Excerpts from a dataset

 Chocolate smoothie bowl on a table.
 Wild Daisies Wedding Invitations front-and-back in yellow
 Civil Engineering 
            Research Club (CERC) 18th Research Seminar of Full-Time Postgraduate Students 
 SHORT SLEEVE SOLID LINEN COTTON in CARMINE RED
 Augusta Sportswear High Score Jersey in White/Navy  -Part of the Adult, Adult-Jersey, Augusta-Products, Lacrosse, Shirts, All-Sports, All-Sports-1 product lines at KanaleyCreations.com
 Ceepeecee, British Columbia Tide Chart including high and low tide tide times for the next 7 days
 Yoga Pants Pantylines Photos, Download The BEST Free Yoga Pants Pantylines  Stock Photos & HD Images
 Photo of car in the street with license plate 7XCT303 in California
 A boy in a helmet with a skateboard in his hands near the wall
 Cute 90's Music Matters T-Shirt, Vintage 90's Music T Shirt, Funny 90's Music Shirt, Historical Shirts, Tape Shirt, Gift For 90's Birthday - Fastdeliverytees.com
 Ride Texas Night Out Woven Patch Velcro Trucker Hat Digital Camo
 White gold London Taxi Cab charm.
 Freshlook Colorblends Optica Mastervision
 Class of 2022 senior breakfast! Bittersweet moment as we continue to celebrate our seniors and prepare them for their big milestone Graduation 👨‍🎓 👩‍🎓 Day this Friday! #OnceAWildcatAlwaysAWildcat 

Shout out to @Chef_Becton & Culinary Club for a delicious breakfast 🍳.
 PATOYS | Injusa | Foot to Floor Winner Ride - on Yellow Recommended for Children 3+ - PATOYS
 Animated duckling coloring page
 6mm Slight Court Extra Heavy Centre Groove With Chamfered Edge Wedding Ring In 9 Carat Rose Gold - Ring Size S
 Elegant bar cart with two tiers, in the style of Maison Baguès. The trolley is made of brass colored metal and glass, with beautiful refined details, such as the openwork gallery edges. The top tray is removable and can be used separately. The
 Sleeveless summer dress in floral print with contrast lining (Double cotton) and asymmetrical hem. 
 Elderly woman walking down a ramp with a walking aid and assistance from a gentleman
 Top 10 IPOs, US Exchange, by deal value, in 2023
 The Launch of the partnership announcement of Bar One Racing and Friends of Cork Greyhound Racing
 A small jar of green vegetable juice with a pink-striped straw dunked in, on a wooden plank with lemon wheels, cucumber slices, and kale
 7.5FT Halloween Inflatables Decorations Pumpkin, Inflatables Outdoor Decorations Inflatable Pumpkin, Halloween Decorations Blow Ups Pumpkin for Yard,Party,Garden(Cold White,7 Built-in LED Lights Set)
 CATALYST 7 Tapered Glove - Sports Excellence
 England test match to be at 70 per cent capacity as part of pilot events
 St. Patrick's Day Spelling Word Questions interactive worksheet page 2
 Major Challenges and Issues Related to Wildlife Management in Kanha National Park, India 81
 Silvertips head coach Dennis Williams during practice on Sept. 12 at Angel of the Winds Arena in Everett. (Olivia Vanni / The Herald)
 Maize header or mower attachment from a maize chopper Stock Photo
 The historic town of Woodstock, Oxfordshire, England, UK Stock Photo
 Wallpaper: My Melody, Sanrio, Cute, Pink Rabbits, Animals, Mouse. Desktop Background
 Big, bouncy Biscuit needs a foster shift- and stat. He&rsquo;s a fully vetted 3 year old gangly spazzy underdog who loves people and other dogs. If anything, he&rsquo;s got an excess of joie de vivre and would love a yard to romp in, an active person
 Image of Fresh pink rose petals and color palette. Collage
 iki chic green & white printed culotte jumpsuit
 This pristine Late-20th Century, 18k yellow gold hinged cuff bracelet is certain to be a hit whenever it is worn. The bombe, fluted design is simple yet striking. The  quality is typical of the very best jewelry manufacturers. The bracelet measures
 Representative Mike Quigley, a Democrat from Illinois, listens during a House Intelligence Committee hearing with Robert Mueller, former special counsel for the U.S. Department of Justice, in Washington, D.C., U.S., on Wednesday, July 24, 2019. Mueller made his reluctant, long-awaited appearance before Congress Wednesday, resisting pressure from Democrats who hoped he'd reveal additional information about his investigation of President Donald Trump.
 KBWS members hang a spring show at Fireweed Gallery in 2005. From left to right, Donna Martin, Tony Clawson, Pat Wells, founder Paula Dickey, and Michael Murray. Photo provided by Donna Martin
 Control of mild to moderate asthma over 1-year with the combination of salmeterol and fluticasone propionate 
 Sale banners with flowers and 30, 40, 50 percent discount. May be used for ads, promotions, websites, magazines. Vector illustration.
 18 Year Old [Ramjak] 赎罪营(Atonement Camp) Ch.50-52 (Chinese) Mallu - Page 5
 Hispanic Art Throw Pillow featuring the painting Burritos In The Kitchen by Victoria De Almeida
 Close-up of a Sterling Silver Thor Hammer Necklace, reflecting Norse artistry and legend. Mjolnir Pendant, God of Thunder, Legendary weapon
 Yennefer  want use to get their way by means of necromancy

* _Task prompt_
Copy the lines above exactly, beginning at the line that has "Wild Daisies Wedding" and stopping after the line that has "6mm Slight Court", and omit the rest.

* _Response below_
 Wild Daisies Wedding Invitations front-and-back in yellow
 Civil Engineering 
            Research Club (CERC) 18th Research Seminar of Full-Time Postgraduate Students 
 SHORT SLEEVE SOLID LINEN COTTON in CARMINE RED
 Augusta Sportswear High Score Jersey in White/Navy  -Part of the Adult, Adult-Jersey, Augusta-Products, Lacrosse, Shirts, All-Sports, All-Sports-1 product lines at KanaleyCreations.com
 Ceepeecee, British Columbia Tide Chart including high and low tide tide times for the next 7 days
 Yoga Pants Pantylines Photos, Download The BEST Free Yoga Pants Pantylines  Stock Photos & HD Images
 Photo of car in the street with license plate 7XCT303 in California
 A boy in a helmet with a skateboard in his hands near the wall
 Cute 90's Music Matters T-Shirt, Vintage 90's Music T Shirt, Funny 90's Music Shirt, Historical Shirts, Tape Shirt, Gift For 90's Birthday - Fastdeliverytees.com
 Ride Texas Night Out Woven Patch Velcro Trucker Hat Digital Camo
 White gold London Taxi Cab charm.
 Freshlook Colorblends Optica Mastervision
 Class of 2022 senior breakfast! Bittersweet moment as we continue to celebrate our seniors and prepare them for their big milestone Graduation 👨‍🎓 👩‍🎓 Day this Friday! #OnceAWildcatAlwaysAWildcat 

Shout out to @Chef_Becton & Culinary Club for a delicious breakfast 🍳.
 PATOYS | Injusa | Foot to Floor Winner Ride - on Yellow Recommended for Children 3+ - PATOYS
 Animated duckling coloring page
 6mm Slight Court Extra Heavy Centre Groove With Chamfered Edge Wedding Ring In 9 Carat Rose Gold - Ring Size S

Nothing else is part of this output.